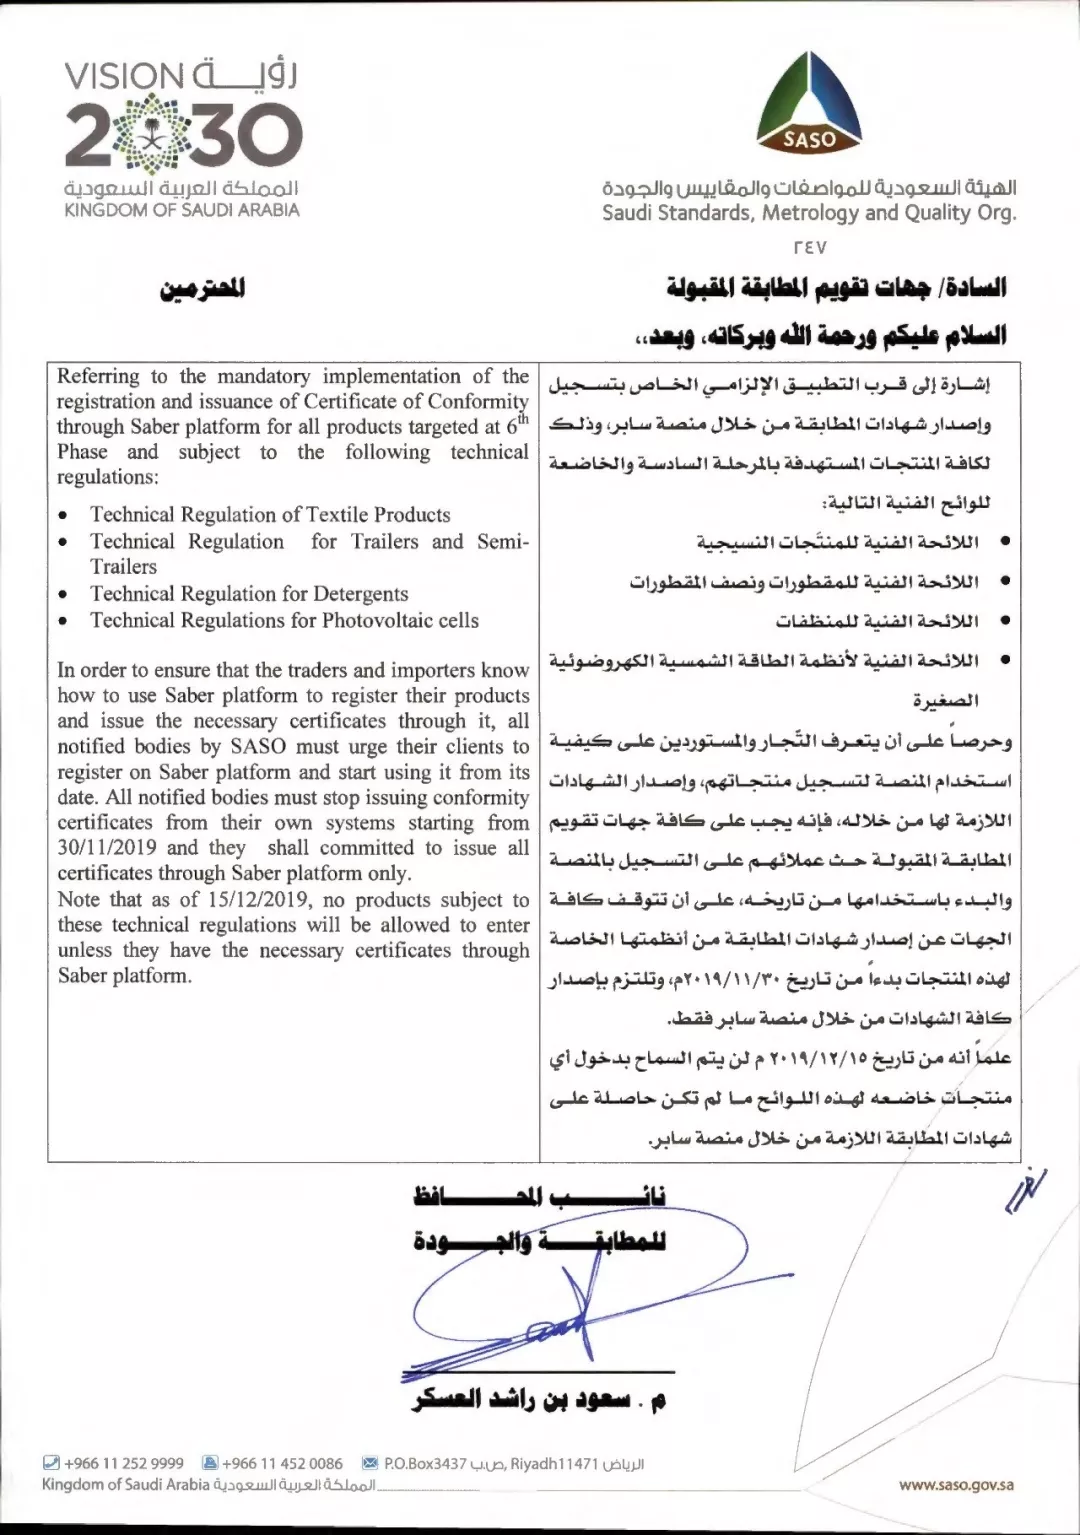 出口沙特产品强制SABER注册最新执行通知
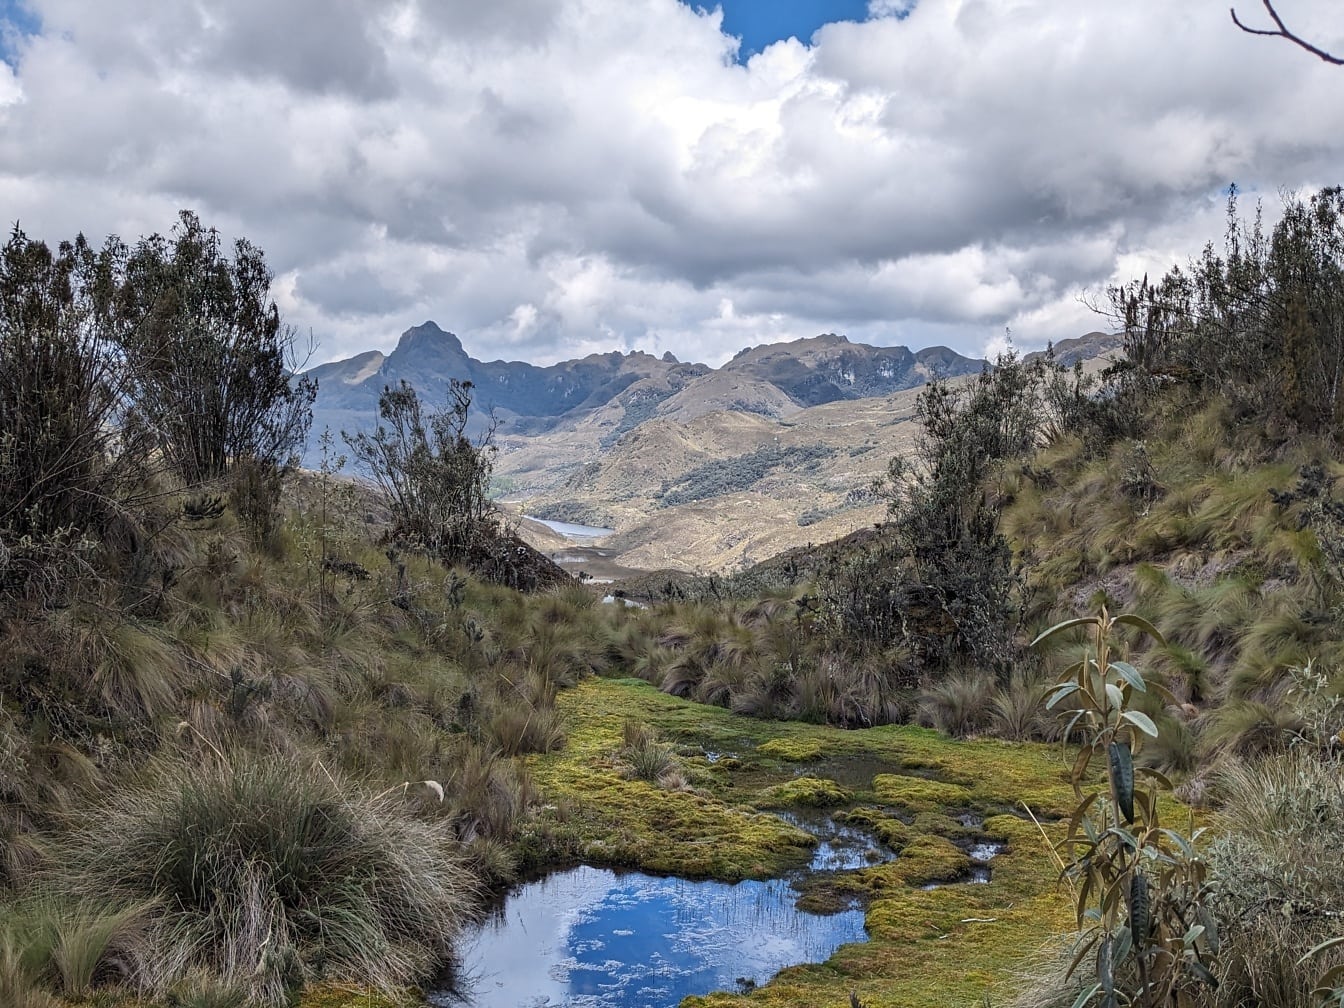 Aliran kecil di lembah dengan pegunungan di latar belakang di taman alam Cajes di Ekuador
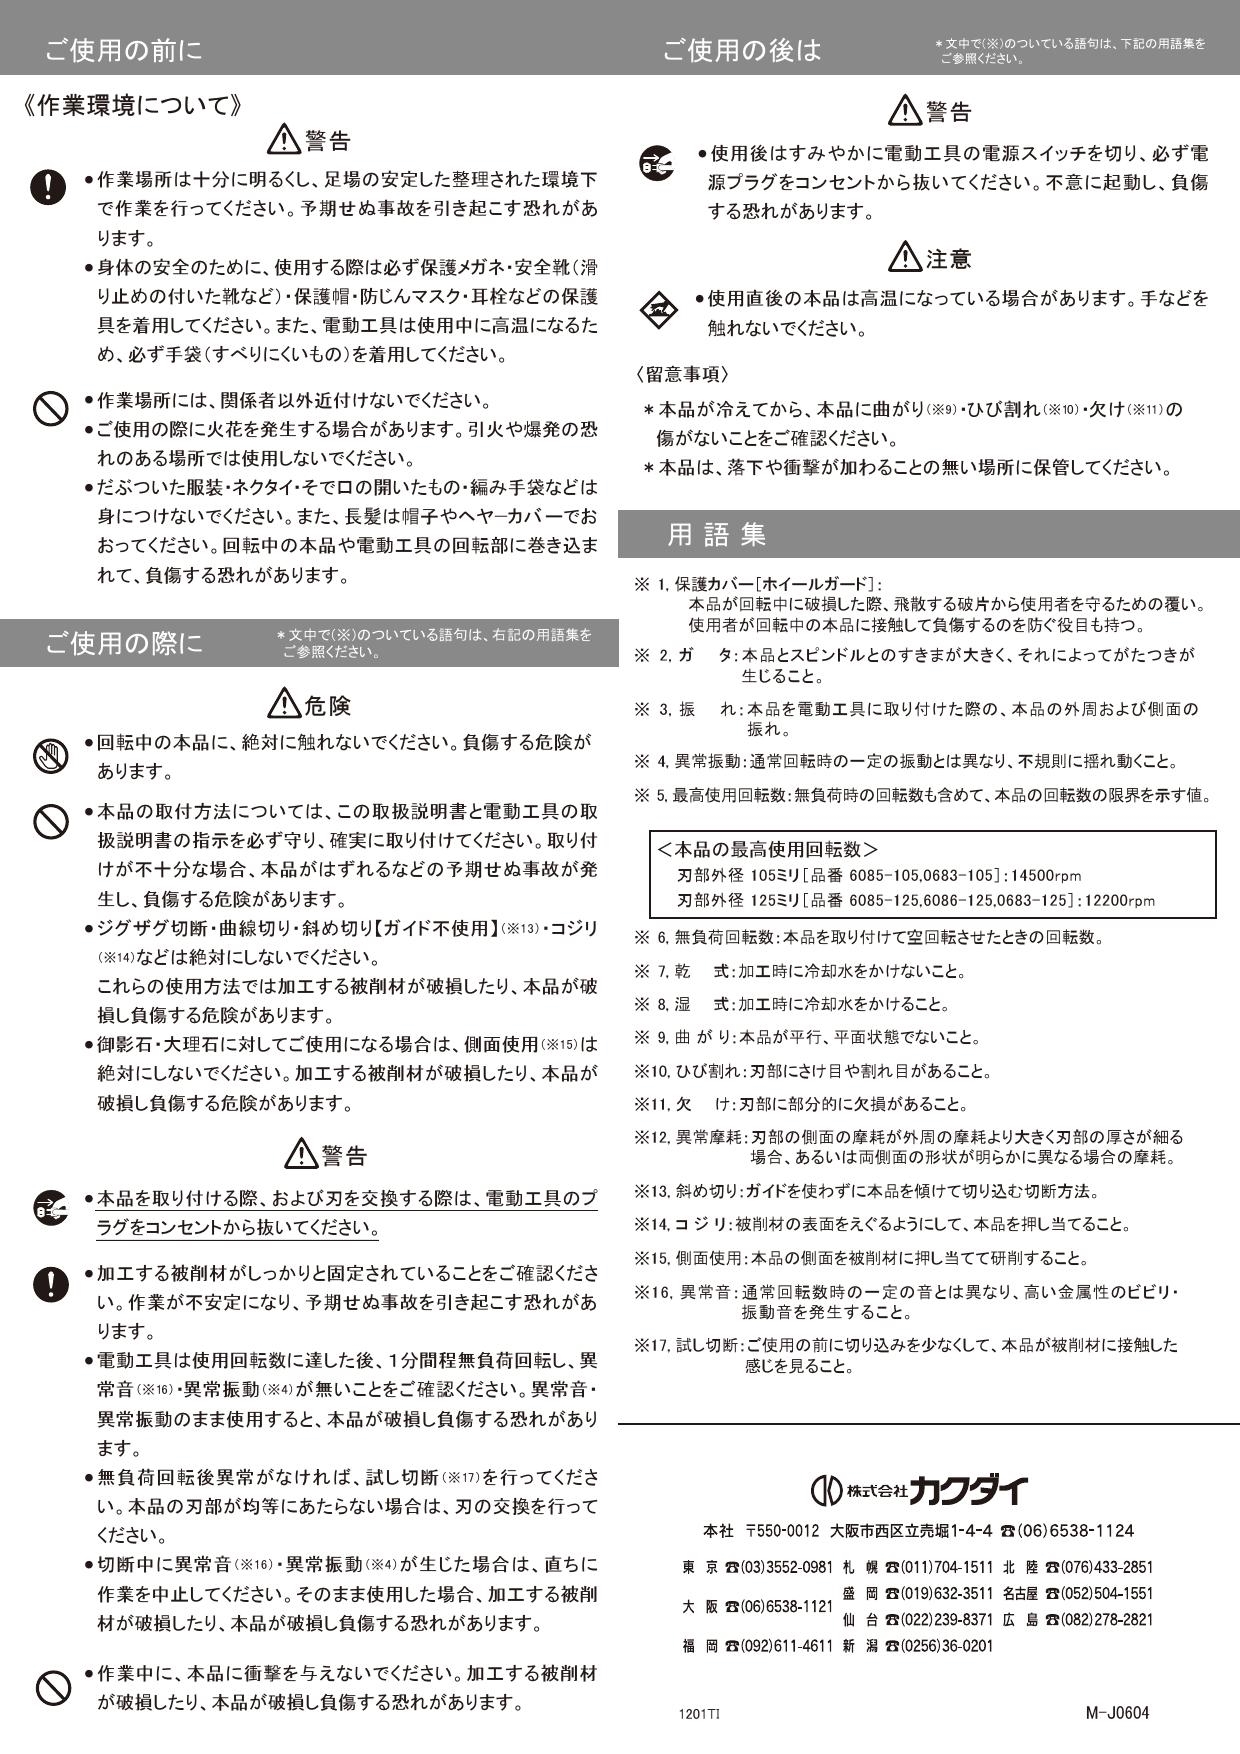 0683-125 カクダイ サイレントカッター用替刃 125 KAKUDAI

········

_YOUR INSTRUCTIONS_
Repeat the data exactly, without the pictures.

_SOLUTION_
 出口沙特产品强制SABER注册最新执行通知
 Aliran kecil di lembah dengan pegunungan di latar belakang di taman alam Cajes di Ekuador
 0683-125 カクダイ サイレントカッター用替刃 125 KAKUDAI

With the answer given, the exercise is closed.